The meaning of the times is (IIRC) derived from the numbers used in the
planning. The first number is "time to first result", the second number
is "time to last result". So if you're doing a "LIMIT 1" query, only
the first number is relevent.

The purpose of the explain output is to determine where the bottlenecks
are and as such each node only counts time spent in it and all its
subnodes. So for example a Sort node has a really high start time
(because all subnodes must complete before sorting can complete) but
the end time is shortly after because it only needs to pump out tuples.

The complication comes because nodes can be executed in their entirety
repeatedly, especially with nested joins, the inner loop is repeatedly
executed with different parameters. I was one of the major contributers
of this feature originally and there was discussion about how to
represent this.
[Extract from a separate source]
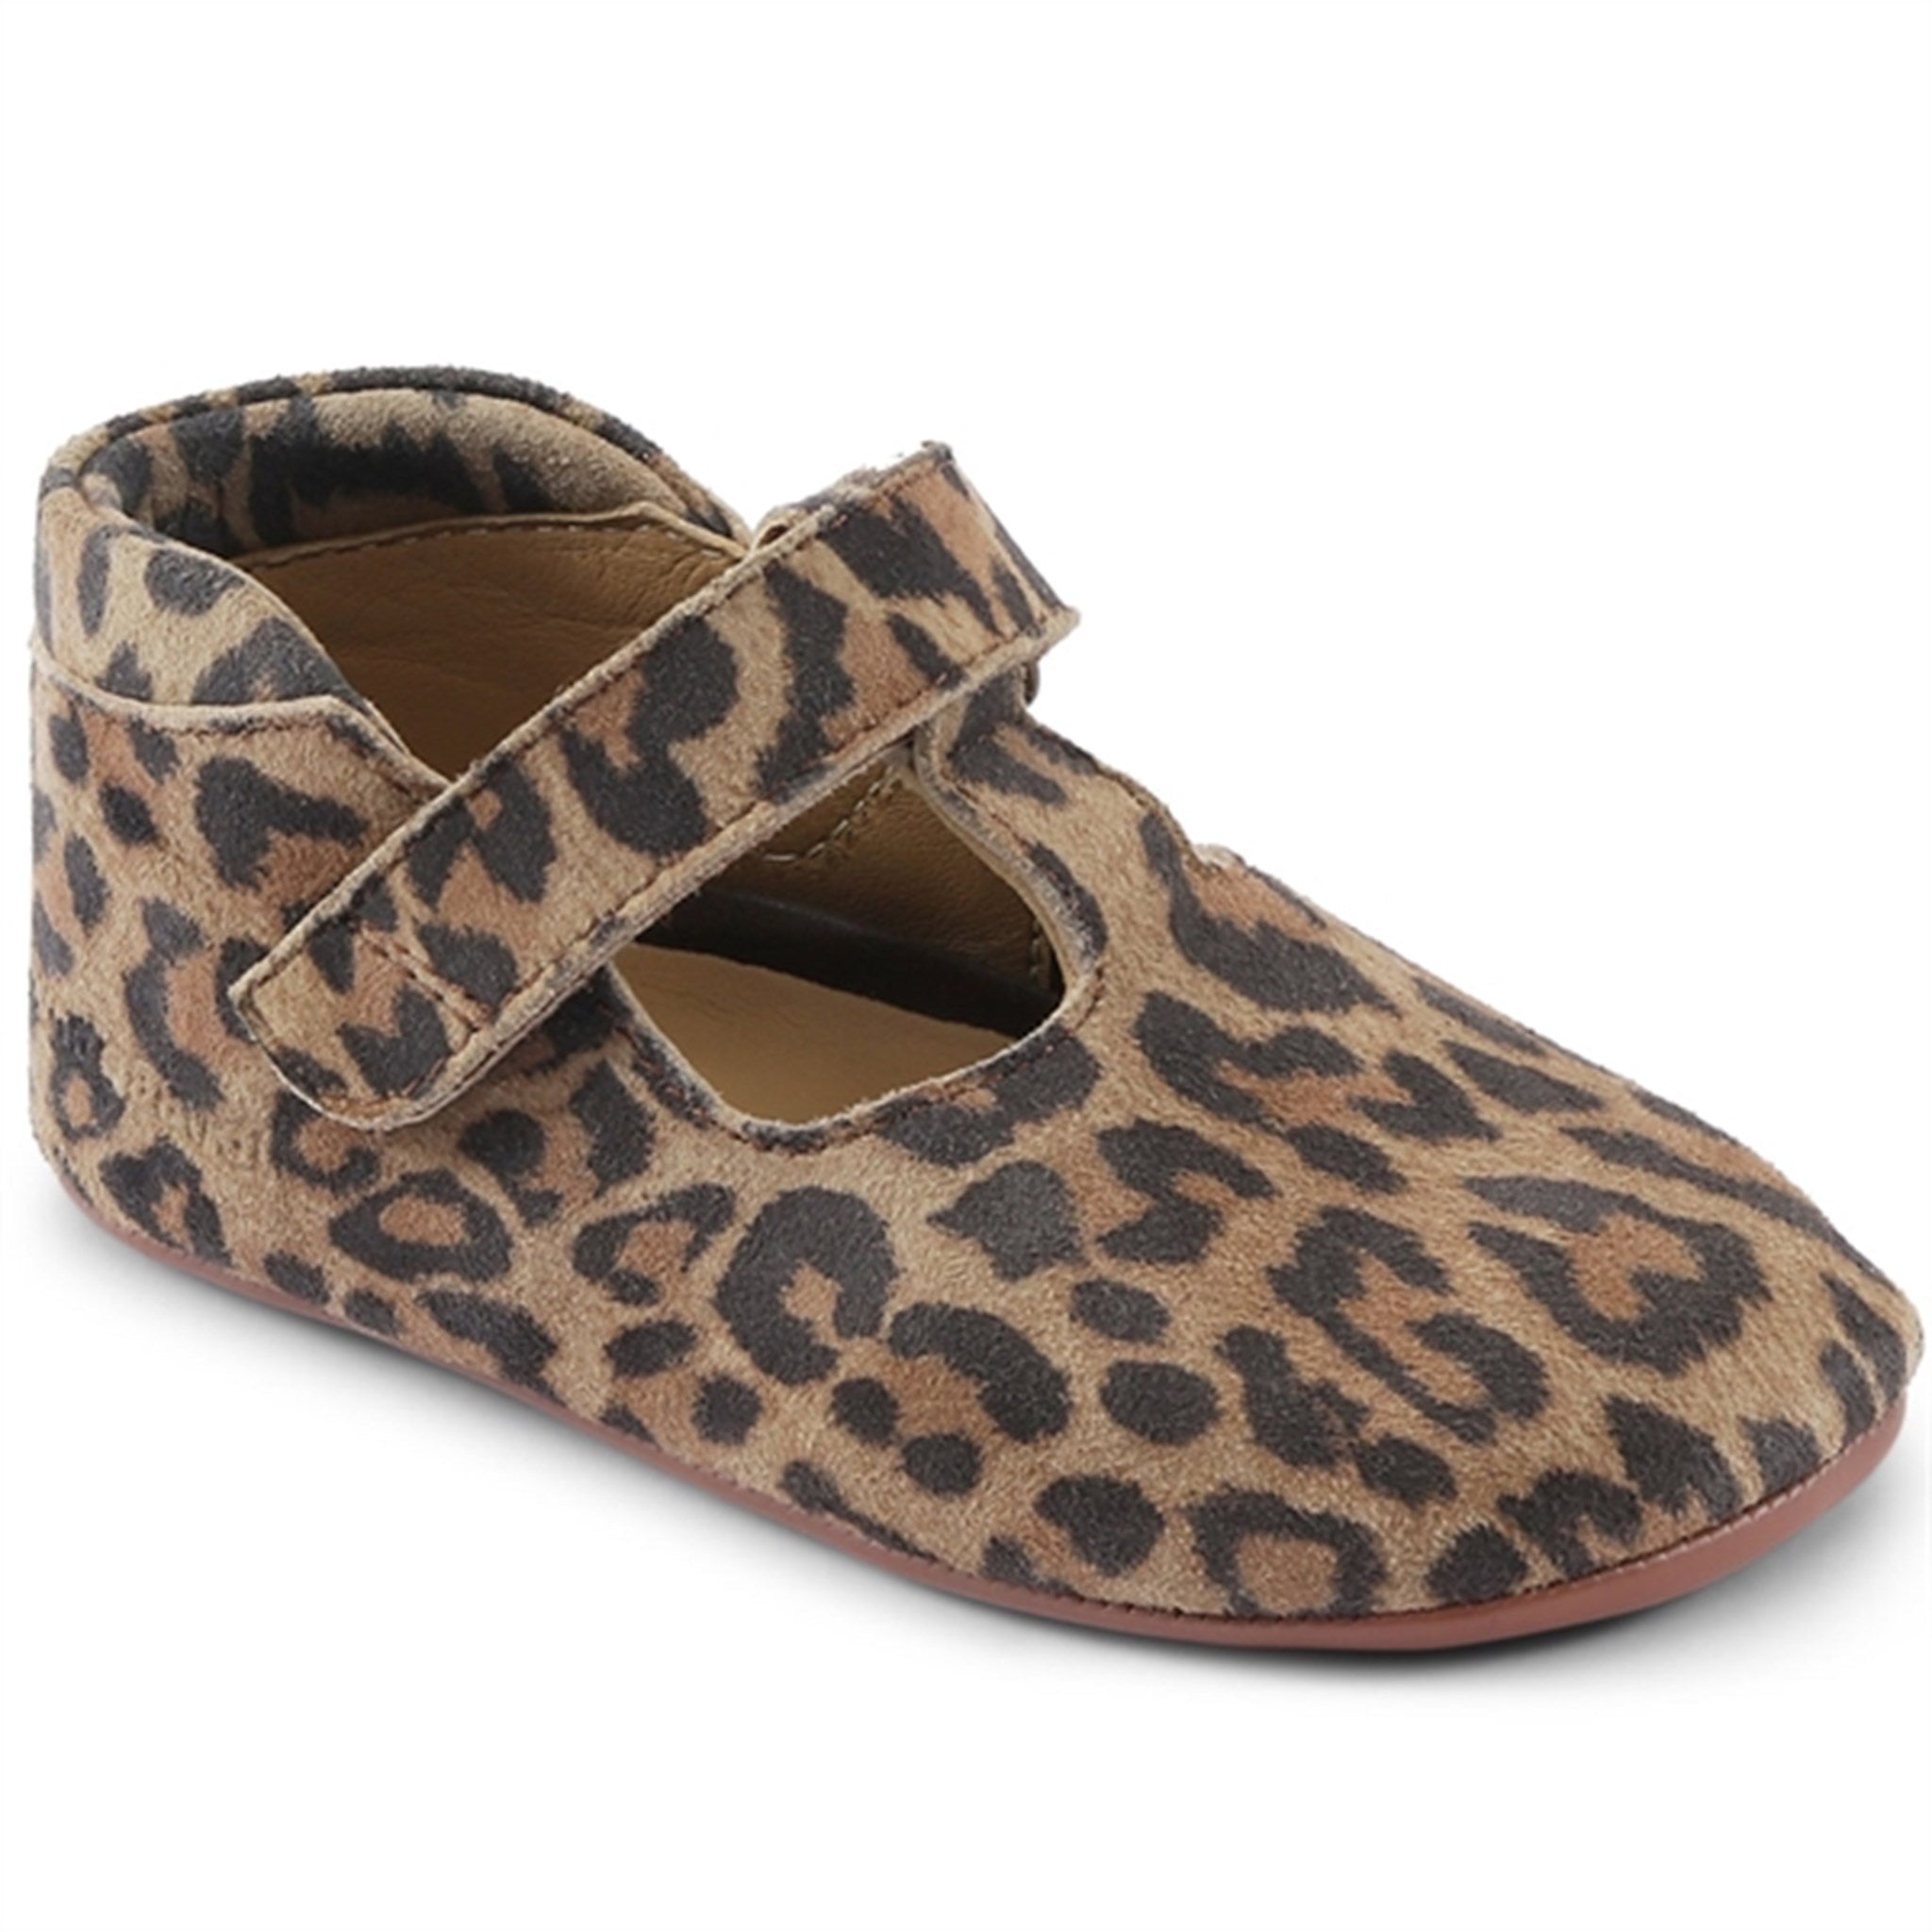 Bundgaard Mary ll Indoor Shoes Leopard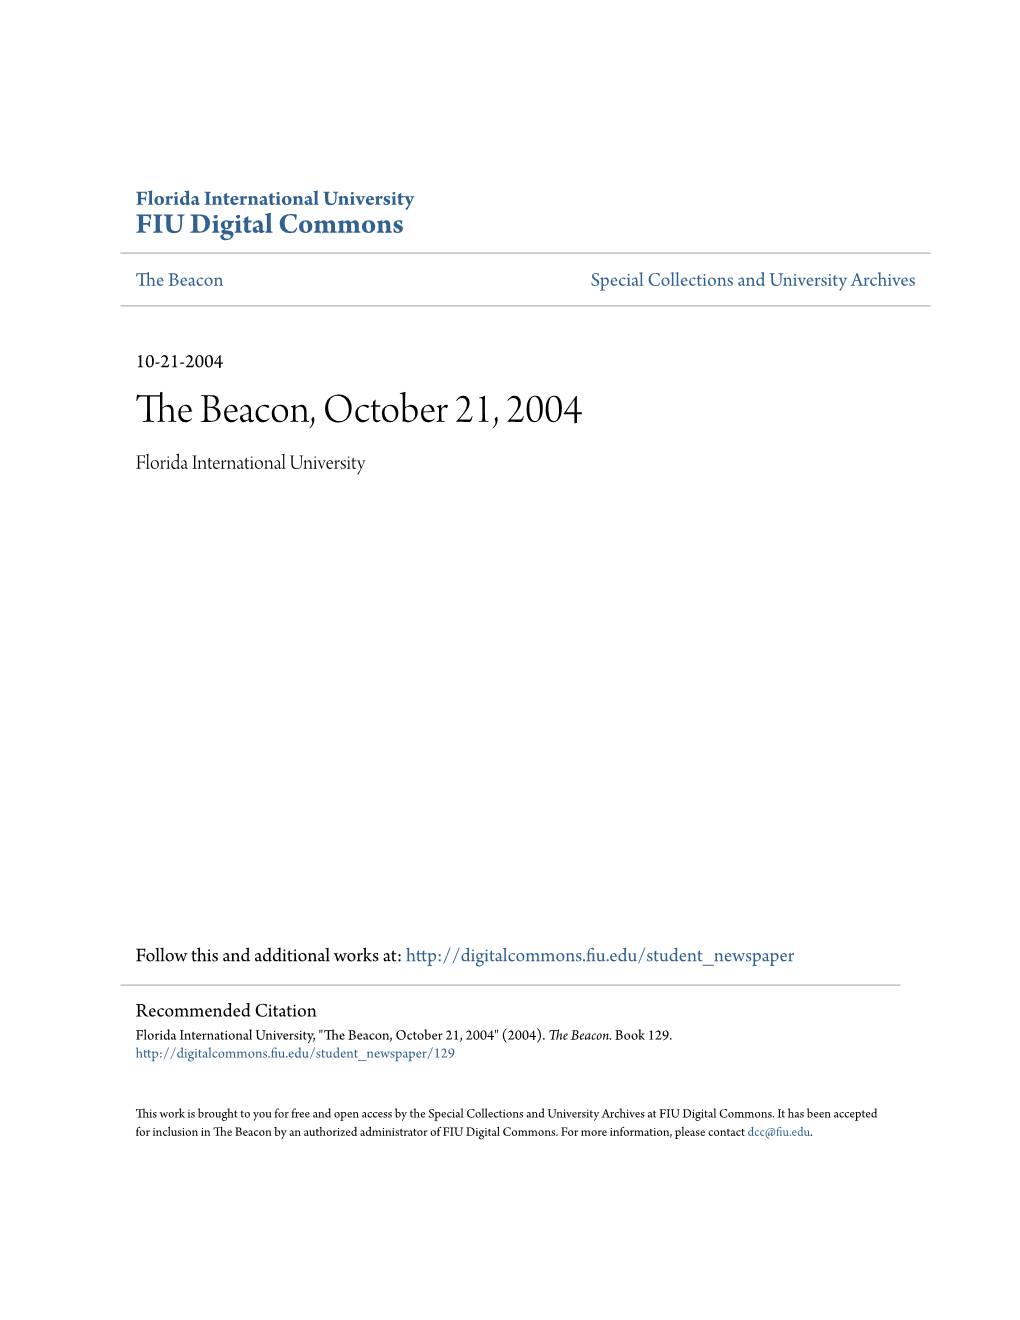 The Beacon, October 21, 2004 Florida International University

I think the rationale is that the figures should not
appear radically different just because a Node is reexecuted a lot, so
you get an extra result "loops" and the numbers look like a single
index scan. If you look at the numbers the planner uses, it follows the
same pattern.

In general, the EXPLAIN ANALYZE output follows the planner output as
close as possible. If you look at the original query posted, it showed
an Index Scan costing 4.63..4.63 which means the index scan is taking
(on average) 4.63ms to return 1 row! If it displayed as 4000 or
something it would be a lot less clear what was going on.

Hope this helps,
-- 
Martijn van Oosterhout   <kleptog@xxxxxxxxx>   http://svana.org/kleptog/
> Patent. n. Genius is 5% inspiration and 95% perspiration. A patent is a
> tool for doing 5% of the work and then sitting around waiting for someone
> else to do the other 95% so you can sue them.